The five master endocrine glands in women namely, the pineal, thyroid, adrenal, pancreas and the ovaries, are interconnected and impact every bodily function. If one becomes sluggish or overactive, health concerns quickly set in. Low energy is not a part of being a woman. Instead it can signal a glandular glitch. Read on to pinpoint the source of sluggishness – and their fixes!
If you often have trouble falling or staying asleep, or your fatigue peaks in the afternoon, or struggle with moods of feeling blue, then your pineal gland may be sluggish. This gland regulates melatonin, the hormone that governs mood and alertness. Giving this gland some TLC can banish sleep problems within 48 hours.

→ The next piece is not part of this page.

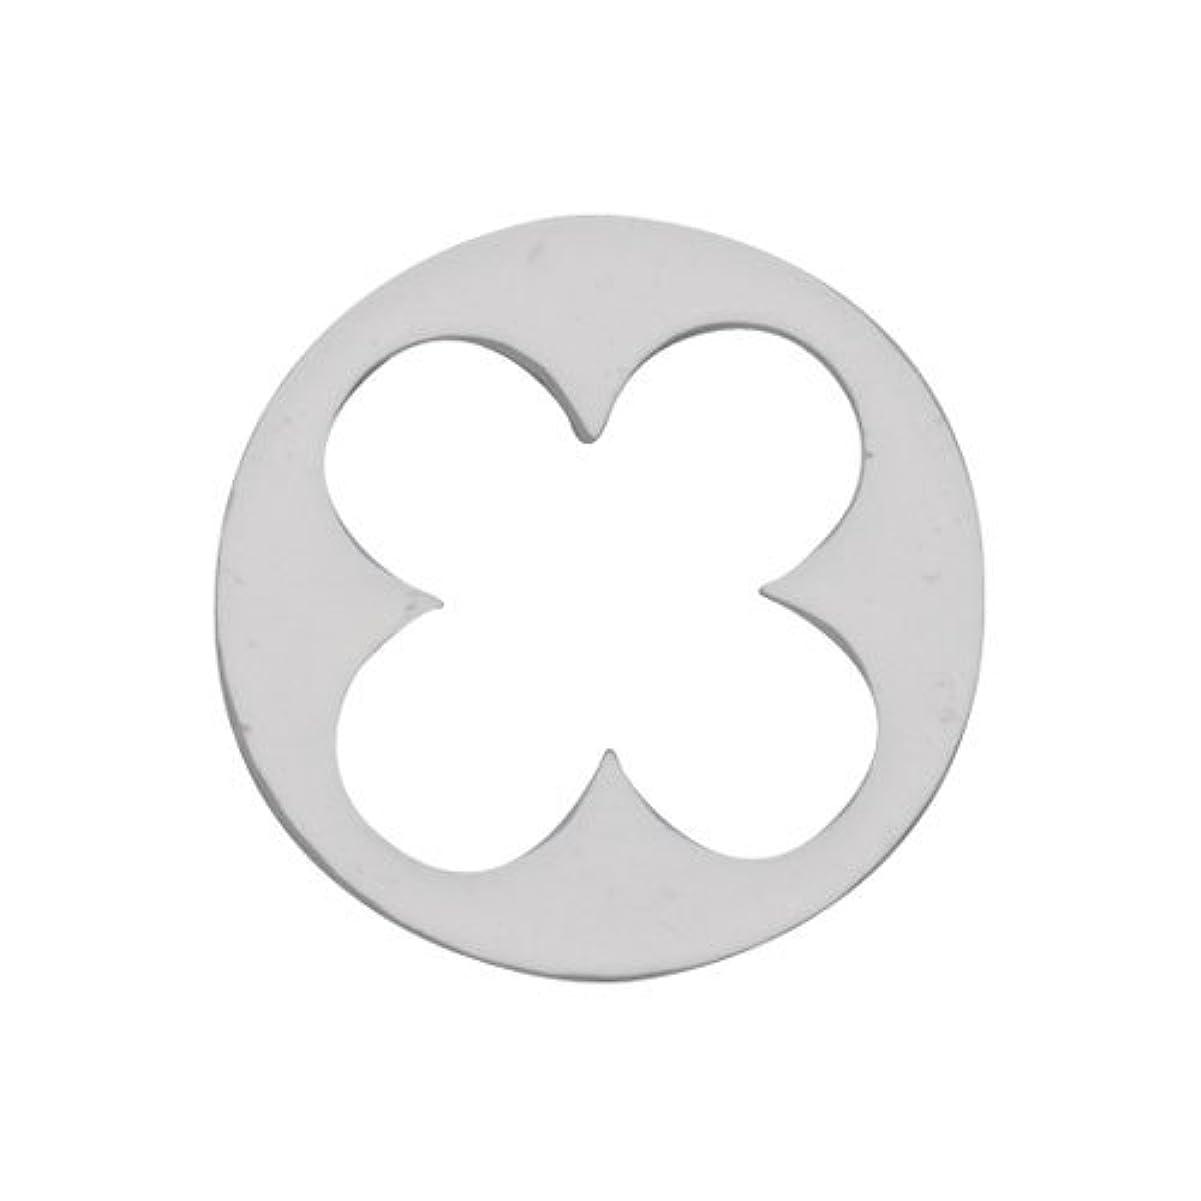 満足させる郡高揚したリトルプリティー ネイルアートパーツ 丸花スカシ シルバー 10個

Get 30 minutes of A.M. sun. That’s all it takes to ‘wake up’ the pineal gland so it produces the optimal amount of melatonin for daytime energy and nighttime sleep.

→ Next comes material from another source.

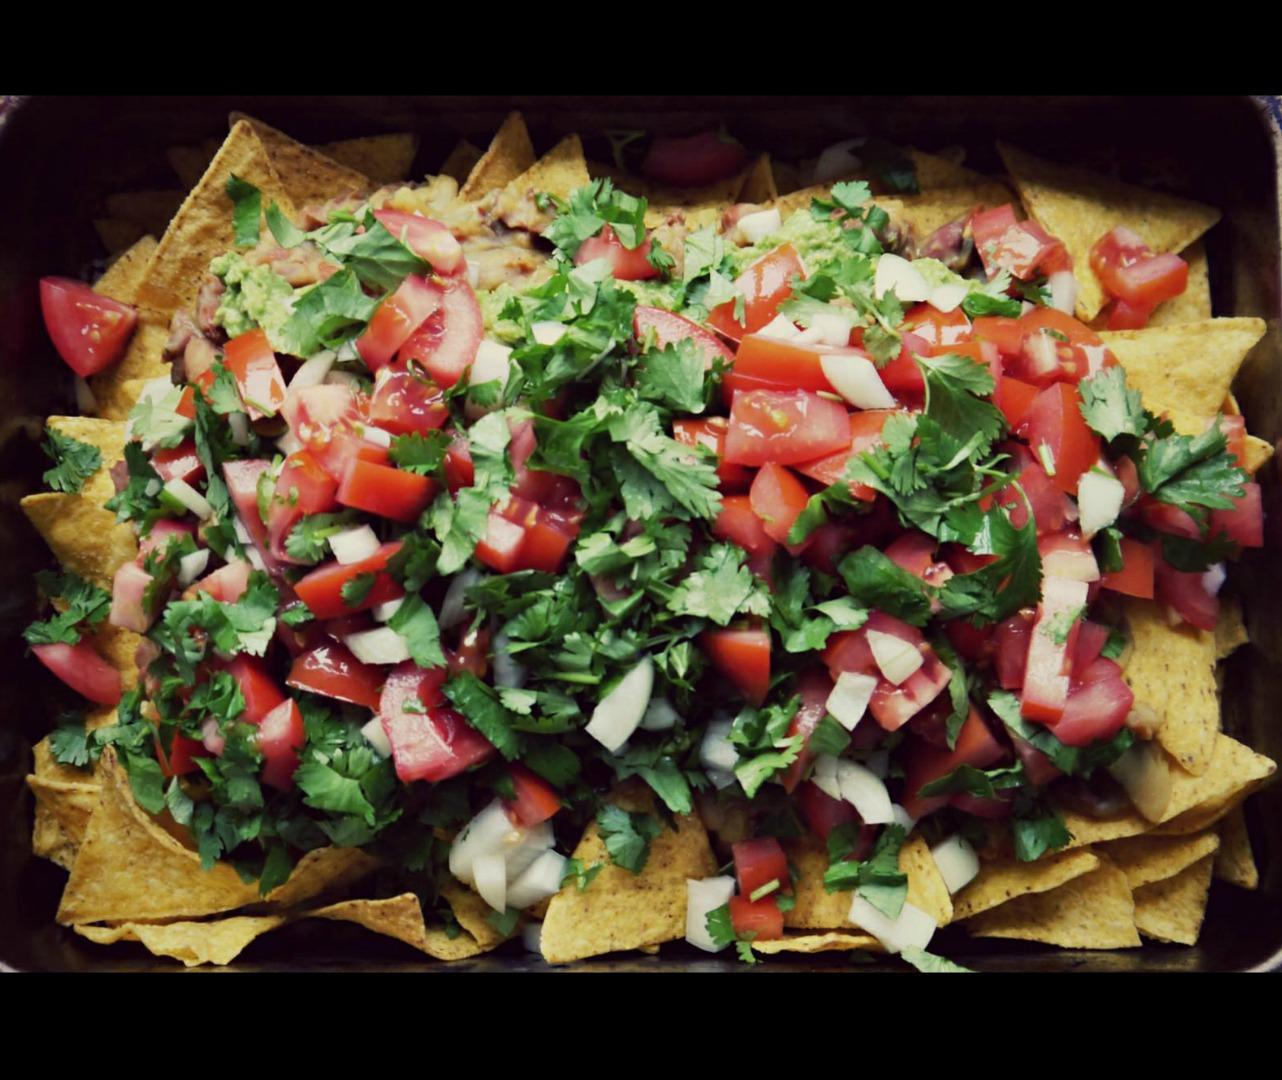 Vegan nacho's

Supplement with melatonin. Doing so 30 minutes before bedtime boosts stores of this hormone, helping you drift off to sleep faster.
If you have trouble losing weight even when dieting, or struggle with digestive problems or allergies, or are unfocused and forgetful, then you may be among millions of women with a sluggish thyroid gland. This slowdown is the number one cause of stubborn weight problems.
Take a multi-vitamin daily. Boost your tissues with vitamins A and E, magnesium, copper, zinc and selenium. These nutrients help the thyroid to function properly.
Don’t forget your protein. The study-proven dose is one serving of protein per carb-containing meal (such as 8 oz. of yogurt, one egg, or 4oz. of meat, fish or poultry).
If you crave sweets yet eating them makes you sleepy, or get frequent vaginal or gum infections, or are prone to overeating and bingeing, then your pancreas may be overworked. Blood sugar levels become erratic which triggers food cravings, mood swings and fatigue.
Eat fruit at every meal. Three servings daily improves insulin sensitivity and cuts strain on the pancreas. This reduces fatigue symptoms by 50%.
Drink more fluids. Phenolics and other antioxidants in coffee, tea, wine, milk and grape juice, lower risk of blood sugar problems. Don’t forget the healthiest fluid of all, water.
If you need steady doses of caffeine to keep going, or find it hard to relax, or take a long time to recover from illness, then your adrenals may be exhausted. When stress is chronic, adrenals can’t keep up with the demand.
Supplement with vitamin B5. Taking 10 mg. daily can restock your adrenaline supply to reduce feelings of stress and fatigue in just a week.
Zone out; Take a catnap or do deep-breathing exercises, whatever makes you feel calm. Carve 20 minutes from your day to take a break from the frenzy.
If your periods are heavy and/or close together, or have oily acne-prone skin, then your ovaries may be overactive. As the body ages, these glands’ ability to regulate the levels of estrogen, progesterone and testosterone in your body wanes. This can cause menstrual problems and mood swings.
Add soy to the menu. Soy’s gentle plant estrogen prevents the stronger natural estrogens from triggering symptoms. Enjoy a cup of soy milk or cubed tofu daily to ease PMS in 2 months.
Enjoy sugar-free treats. This helps lower the body’s production of insulin which stimulates the ovaries to overproduce testosterone. Ease your mood swings and other menstrual woes within 3 months.